Your use of colour to evoke mood is striking. How much is in the composition, and how much in post-production?
I am old-school in my approach, so I try to avoid postproduction tricks. I am constantly seeking an honest interpretation of the space – though, occasionally since we now have the technology, I’ll play in postproduction to see if I can more accurately convey the feeling I had while capturing that image. Certain spaces speak to me in ways that are not apparent to the camera. So, I will sometimes lean on the technology to push an image into the realm of my imagination.
Where I like highly composed images of interiors, I prefer looser, more intimate images of people.Michael Mundy
You seem equally at ease photographing people as you are with design and interiors. How do you approach these different disciplines?

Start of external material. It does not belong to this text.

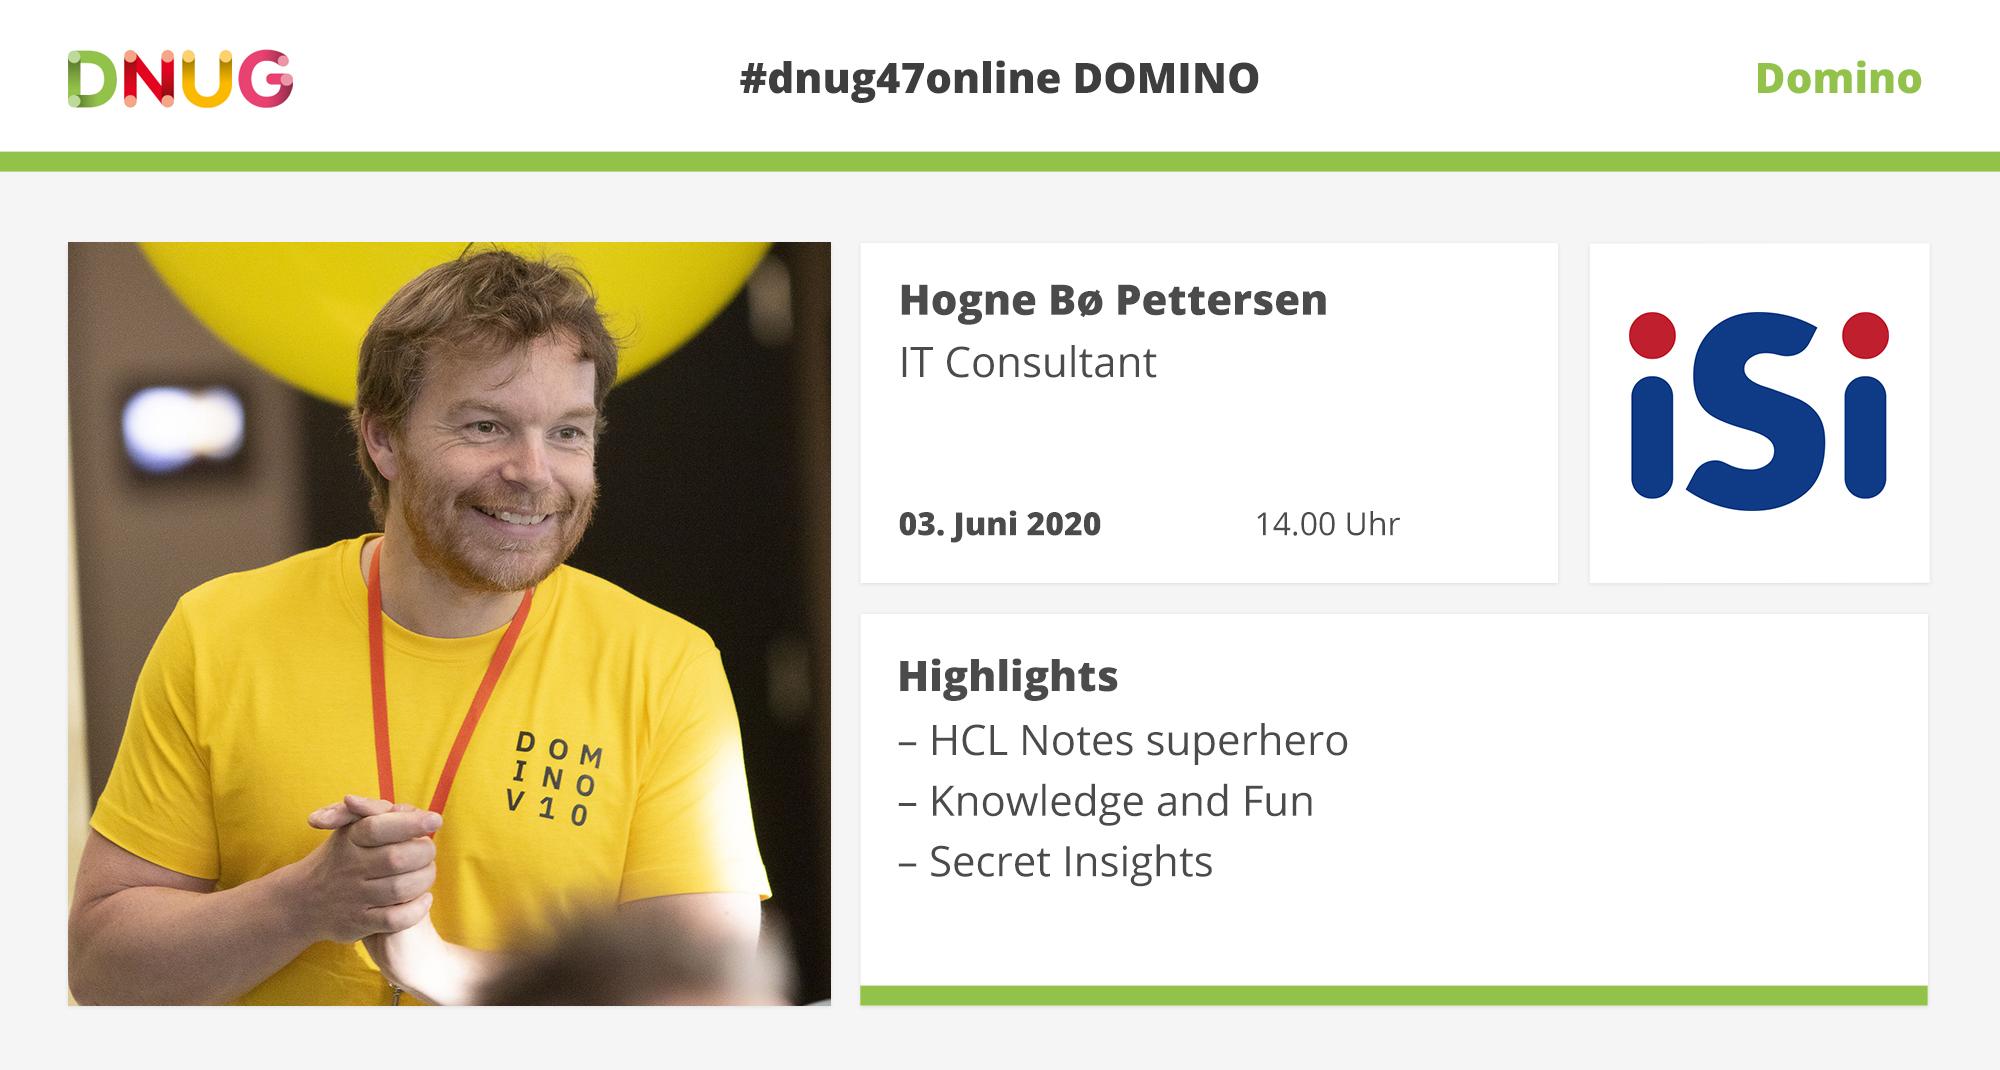 Hogne B. Pettersen at DNUG#47Online

It’s really like using different sides of my brain. Where I like highly composed images of interiors, I prefer looser, more intimate images of people. They are both discoveries in their own way, but one is more studied, the other more serendipitous. In interiors, I am often more in command of what’s happening. With portraits, it’s almost the opposite. I am patiently asking questions and paying attention to the often-subtle answers my subjects are offering.
On your fashion reel, you have a series of photos beautifully reminiscent of the film In the Mood for Love. Styling aside, how did you achieve that mood?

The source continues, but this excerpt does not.